··· Input for this task

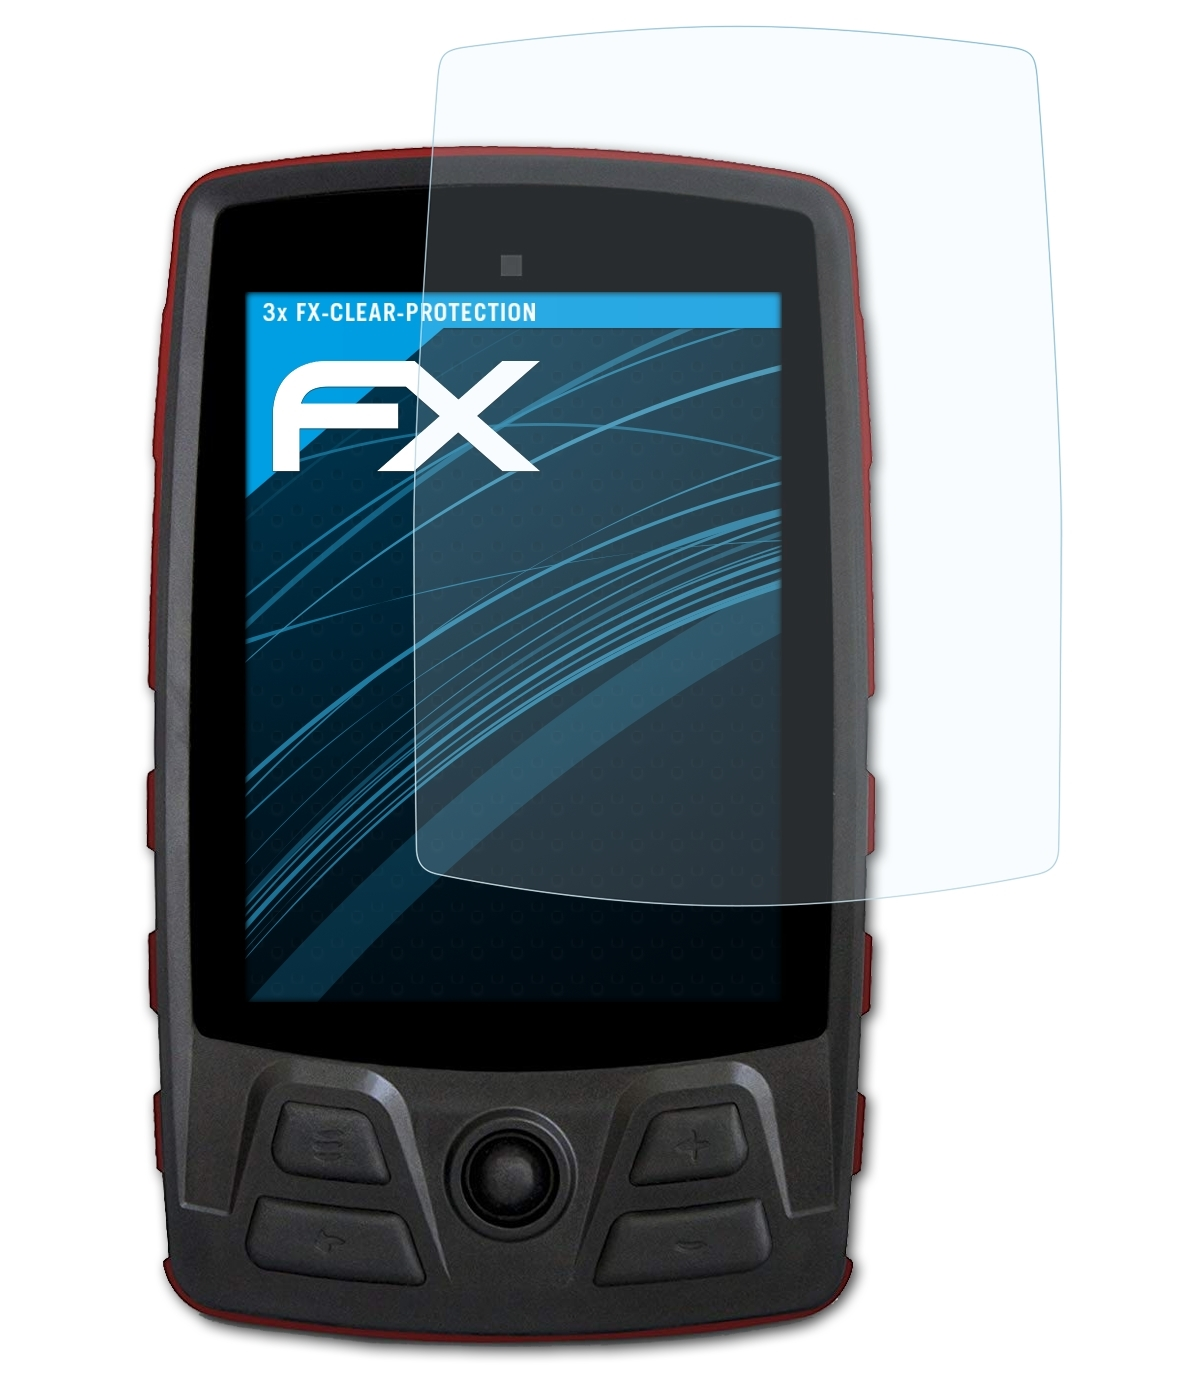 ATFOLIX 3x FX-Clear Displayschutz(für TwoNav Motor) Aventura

······
··· Input for this task

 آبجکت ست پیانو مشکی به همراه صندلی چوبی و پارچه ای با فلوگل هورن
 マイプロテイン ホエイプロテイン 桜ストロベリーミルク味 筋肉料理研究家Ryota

······

__What the task requires__
What you return must be the lines above that run from the line with "آبجکت ست پیانو" to the line with "マイプロテイン ホエイプロテイン 桜ストロベリーミルク味 筋肉料理研究家Ryota", inclusive, each copied exactly.

__Response to the task__
 آبجکت ست پیانو مشکی به همراه صندلی چوبی و پارچه ای با فلوگل هورن
 マイプロテイン ホエイプロテイン 桜ストロベリーミルク味 筋肉料理研究家Ryota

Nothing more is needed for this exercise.